Y RNA

Y RNA
Identifiers
SymbolY_RNA
Alt. SymbolsY1; Y3; Y4; Y5
RfamRF00019
Other data
RNA typeGene
Domain(s)Eukaryota
SOSO:0000405
PDB structuresPDBe

Y RNAs are small non-coding RNAs. They are components of the Ro60 ribonucleoprotein particle[1] which is a target of autoimmune antibodies in patients with systemic lupus erythematosus.[2] They are also reported to be necessary for DNA replication through interactions with chromatin and initiation proteins.[3][4] However, mouse embryonic stem cells lacking Y RNAs are viable and have normal cell cycles.[5]

Structure[edit]

These small RNAs are predicted to fold into a conserved stem formed by the RNA's 3′ and 5′ ends and characterized by a single bulged cytosine, which are the known requirements for Ro binding.[6][7][8]

Function[edit]

Two functions have been described for Y RNAs in the literature: As a repressor of Ro60, and as an initiation factor for DNA replication.
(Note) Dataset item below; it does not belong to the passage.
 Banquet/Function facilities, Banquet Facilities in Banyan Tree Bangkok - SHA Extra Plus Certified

Mutant human Y RNAs lacking the conserved binding site for Ro60 protein still support DNA replication,[3] indicating that binding to Ro protein and promoting DNA replication are two separable functions of Y RNAs. Although Y RNA-derived small RNAs are similar in size to microRNAs, it has been shown that these Y RNA fragments are not involved in the microRNA pathway.[9]
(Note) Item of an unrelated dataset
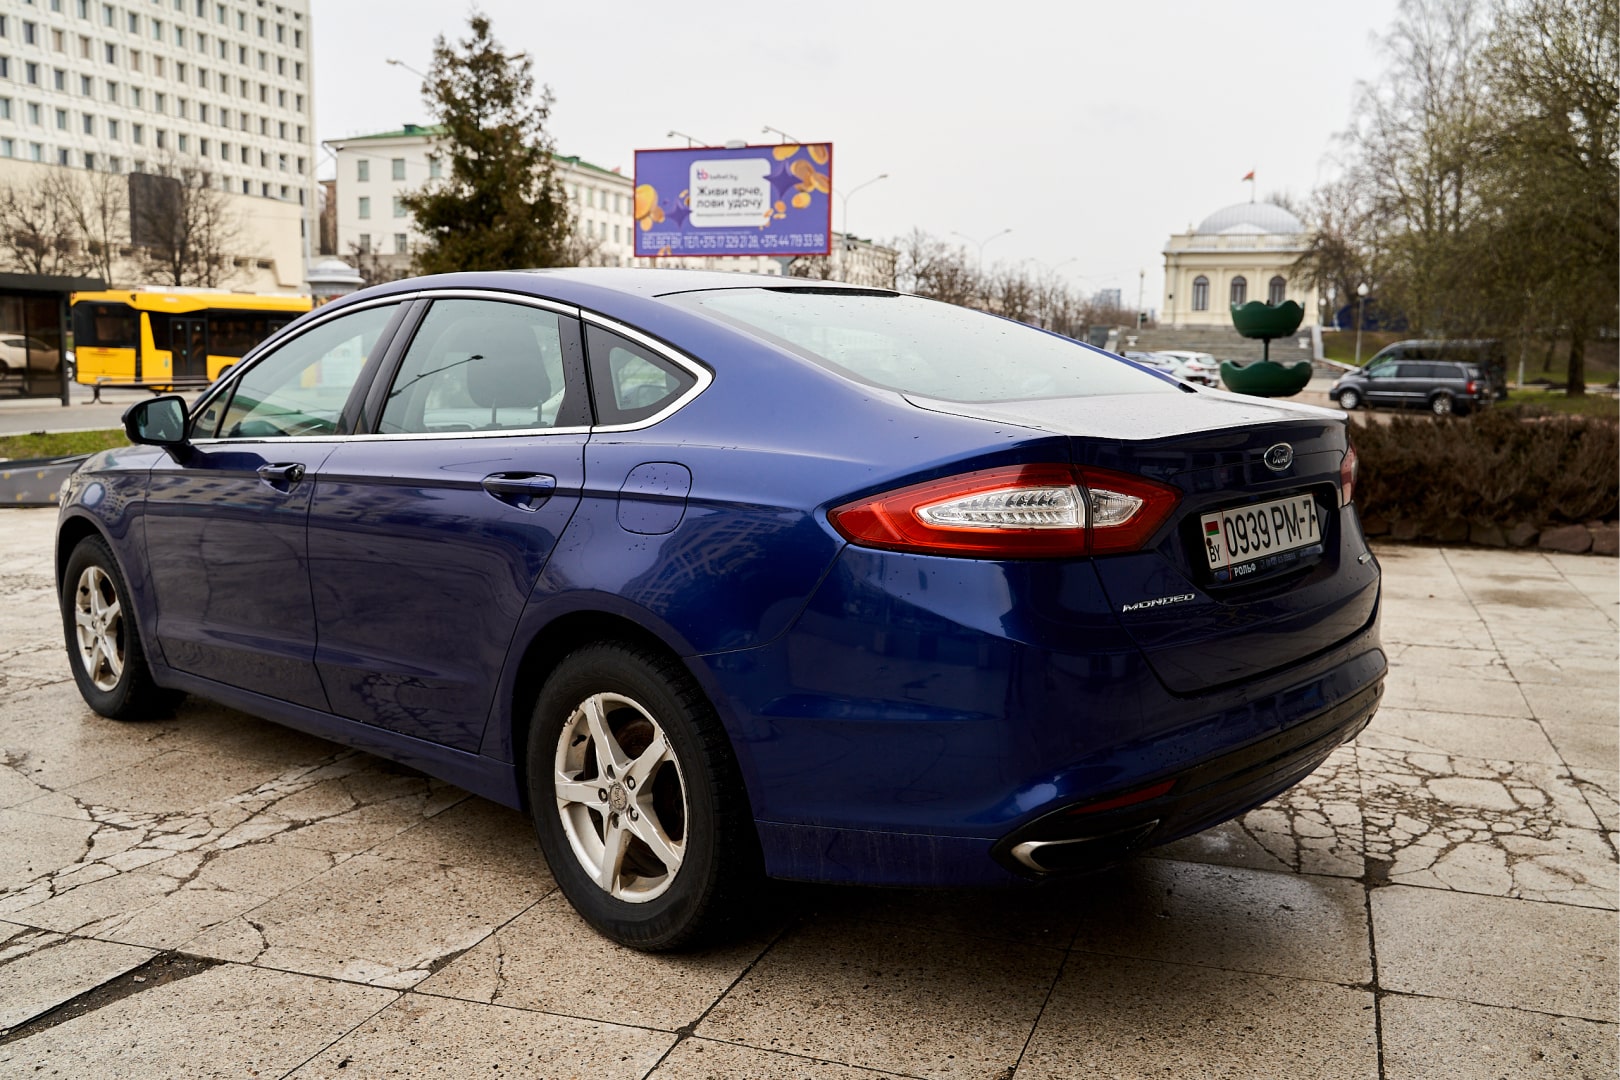 Аренда  Ford Mondeo Titanium Blue  2 класса 2017 года в городе Минск от 49 $/сутки,  двигатель: Бензин , объем 2.0 литров, КАСКО (Мультидрайв), без водителя, вид 4 - West Group

The Ro autoantigen protein (white) binds the end of a double-stranded Y RNA (red) and a single stranded RNA (blue). (PDB: 1YVP​).[6]

Ro60 Inhibition[edit]

In its free state, Ro binds to a variety of misfolded RNAs including misfolded 5S rRNAs, and is thought to act as some sort of quality control mechanism.[10] Crystal structures of Ro complexed either with Y RNA or another RNA showed that Ro binds single-stranded 3′ ends of RNAs relatively nonspecifically, whereas Y RNA binds specifically at a second site that regulates access of other RNAs.[6] In Deinococcus, free Ro has also been shown to function in 23S rRNA maturation.[11] In Deinococcus, mutants lacking Y RNA are viable, and Y RNA appears to be unstable except when complexed with Ro.[11]
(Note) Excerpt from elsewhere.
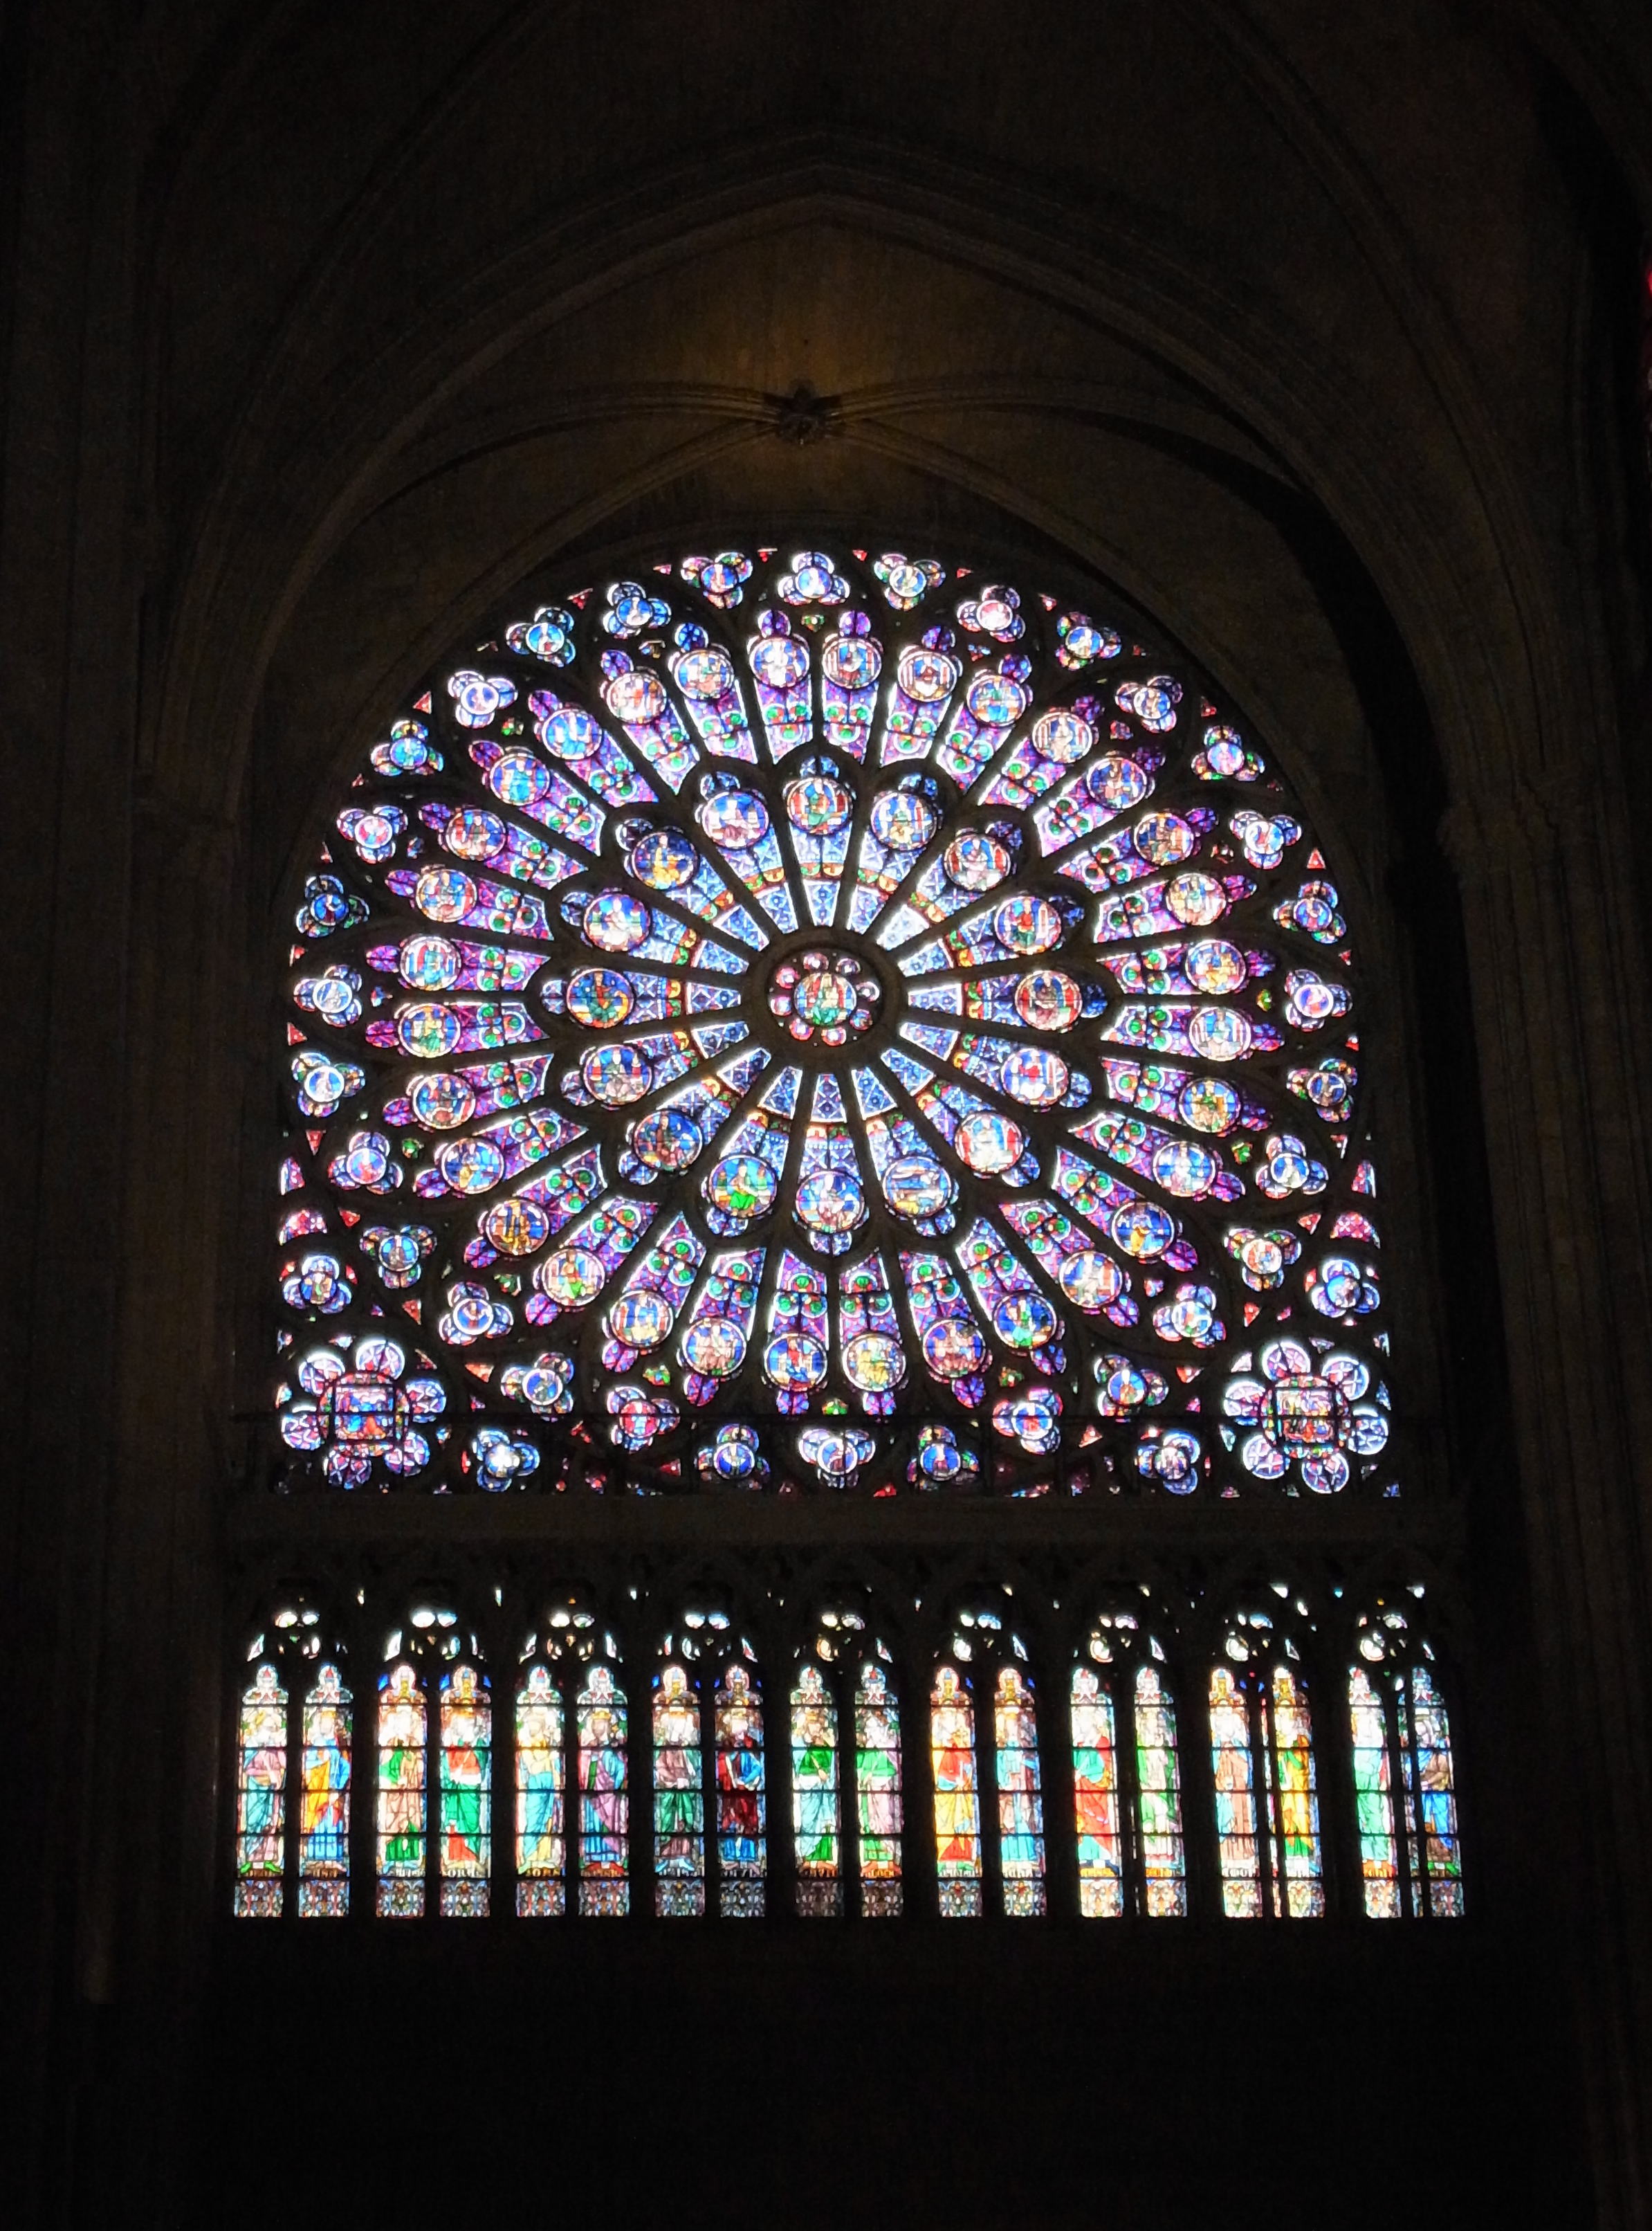 La rose nord de Notre-Dame Cathedral in Paris

DNA replication initiation[edit]

Human Y RNAs are functionally required for DNA replication.[3] Biochemical fractionation and reconstitution experiments have established a functional requirement of human Y RNAs for chromosomal DNA replication in isolated vertebrate cell nuclei in vitro[3] and specific degradation of human Y RNAs inhibits DNA replication in vitro, and in intact cells in vivo.[3] Y RNA function is thought to be mediated via interactions with chromatin and initiation proteins (including the origin recognition complex)[4]

In human pathology[edit]

Y RNAs are overexpressed in some human tumours and are required for cell proliferation[12] and small, microRNA-sized breakdown products may be involved in autoimmunity and other pathological conditions.[13] Recent work has demonstrated that Y RNAs are modified at their 3′ end by the non-canonical poly(A) polymerase PAPD5, and the short oligo(A) tail added by PAPD5 is a marker for 3′ end processing by the ribonuclease PARN/EXOSC10 or for degradation by the exonuclease DIS3L.[14] Since PARN deficiency causes a severe form of the bone marrow disease Dyskeratosis Congenita as well as pulmonary fibrosis,[15][16] it is possible that defects in Y RNA processing contribute to the severe pathology observed in these patients.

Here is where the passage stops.